Provided material ->
******
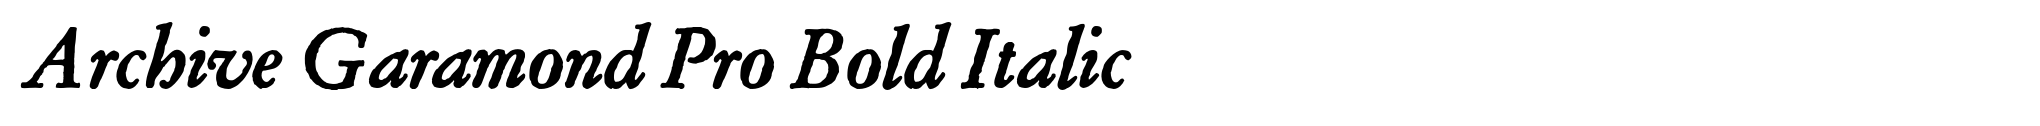 Archive Garamond Pro Bold Italic image
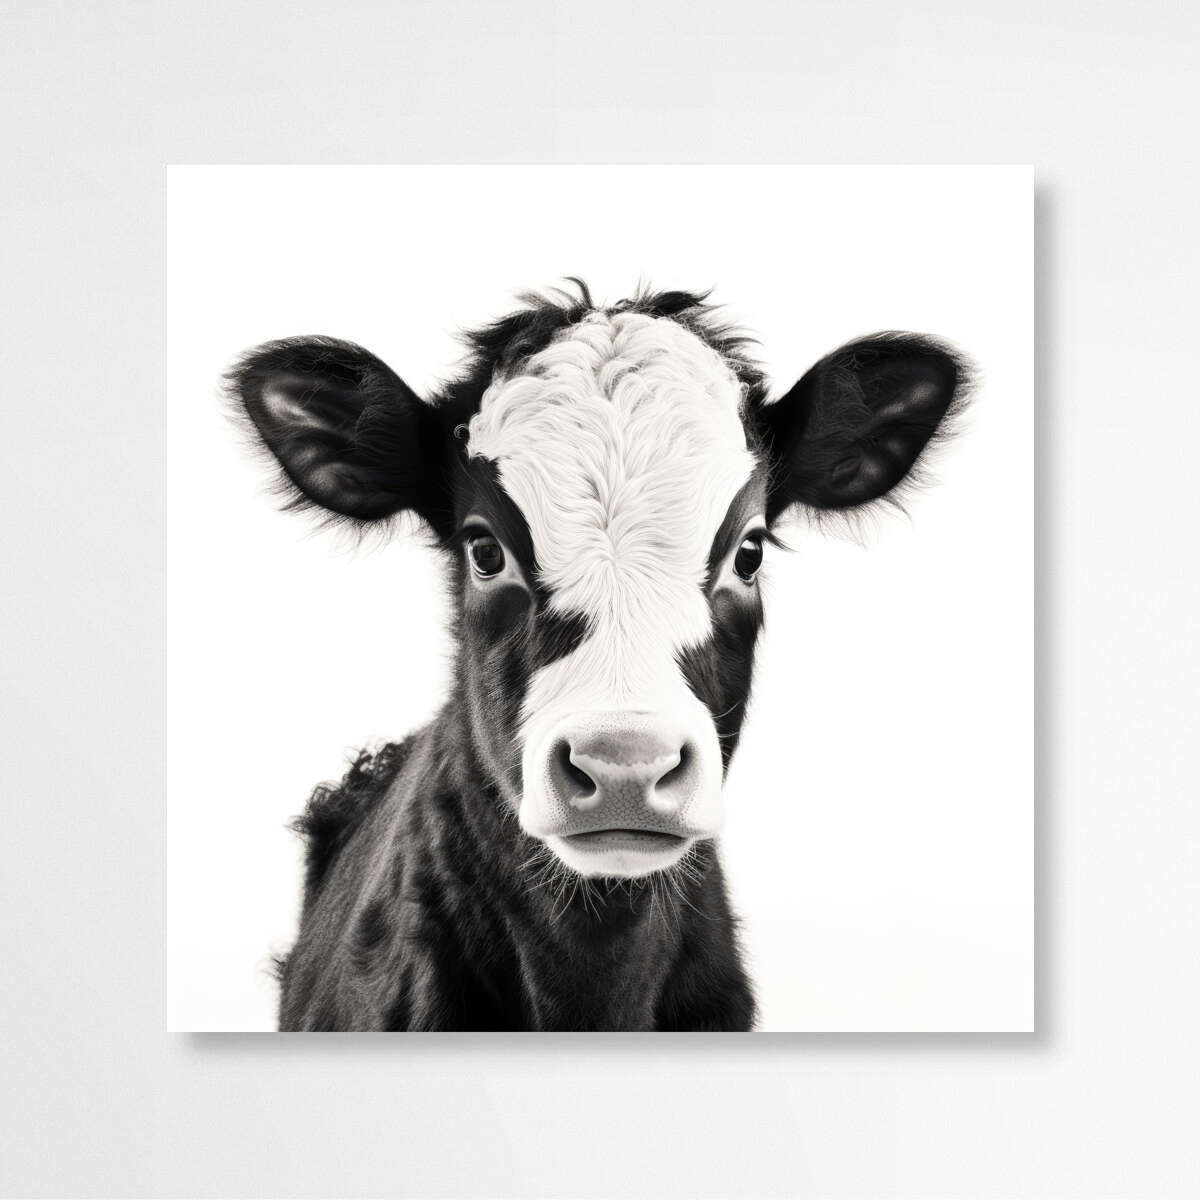 Farm Baby Animal Cow Black & White | Nursery Wall Art Prints - The Canvas Hive
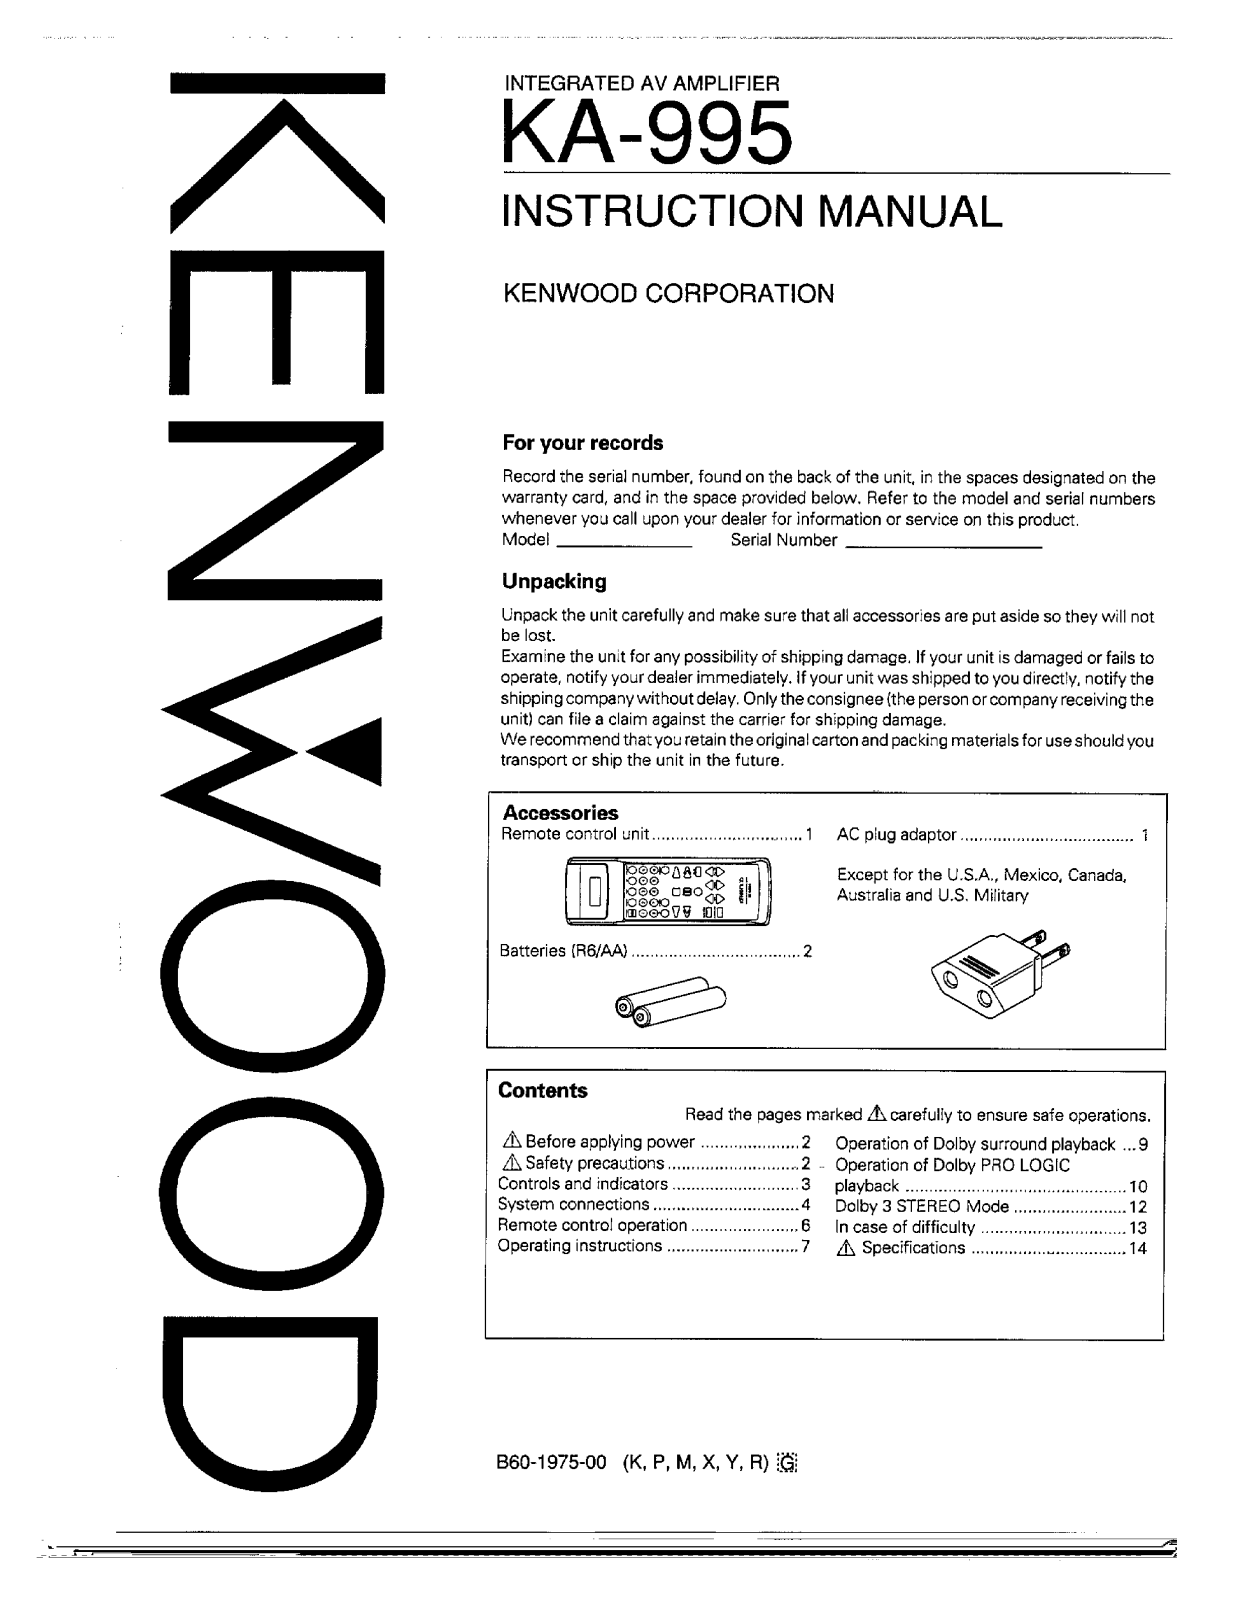 Kenwood KA-995 Owner's Manual
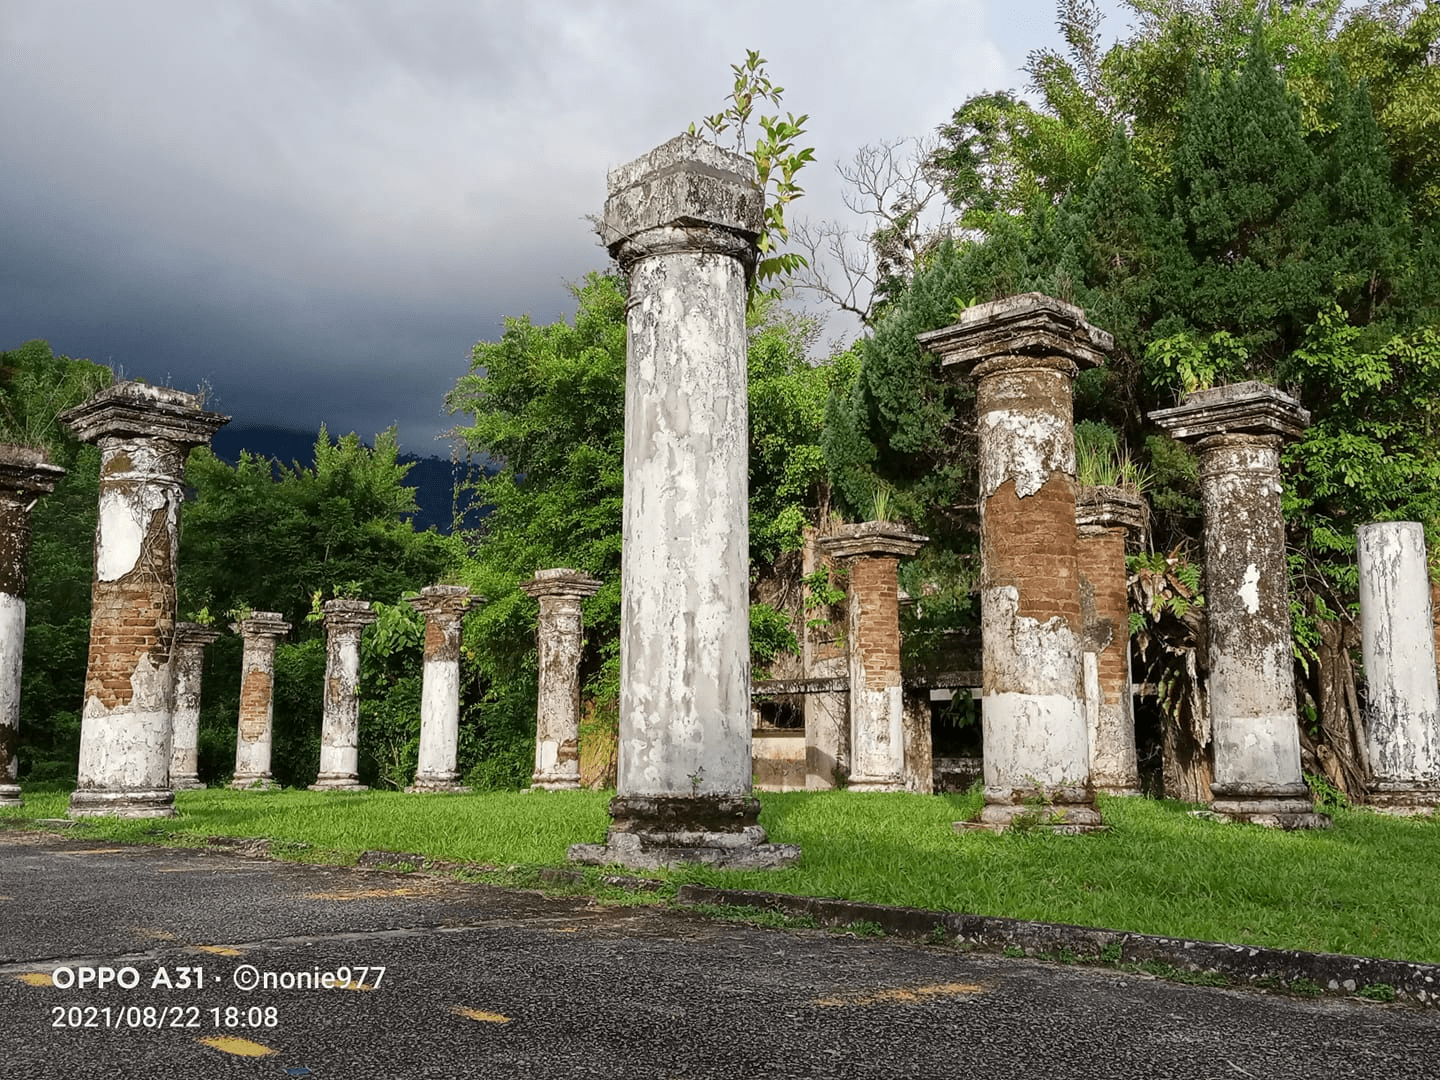 Abandoned building and ruins Malaysia - pillars
******
Where the line containing "Farm Baby Animal" appears, begin writing out the lines exactly, and continue through the end of the material above, omitting pictures.

Response to the task ->
 Farm Baby Animal Cow Black & White | Nursery Wall Art Prints - The Canvas Hive
 Kenwood KA-995 Owner's Manual
 Abandoned building and ruins Malaysia - pillars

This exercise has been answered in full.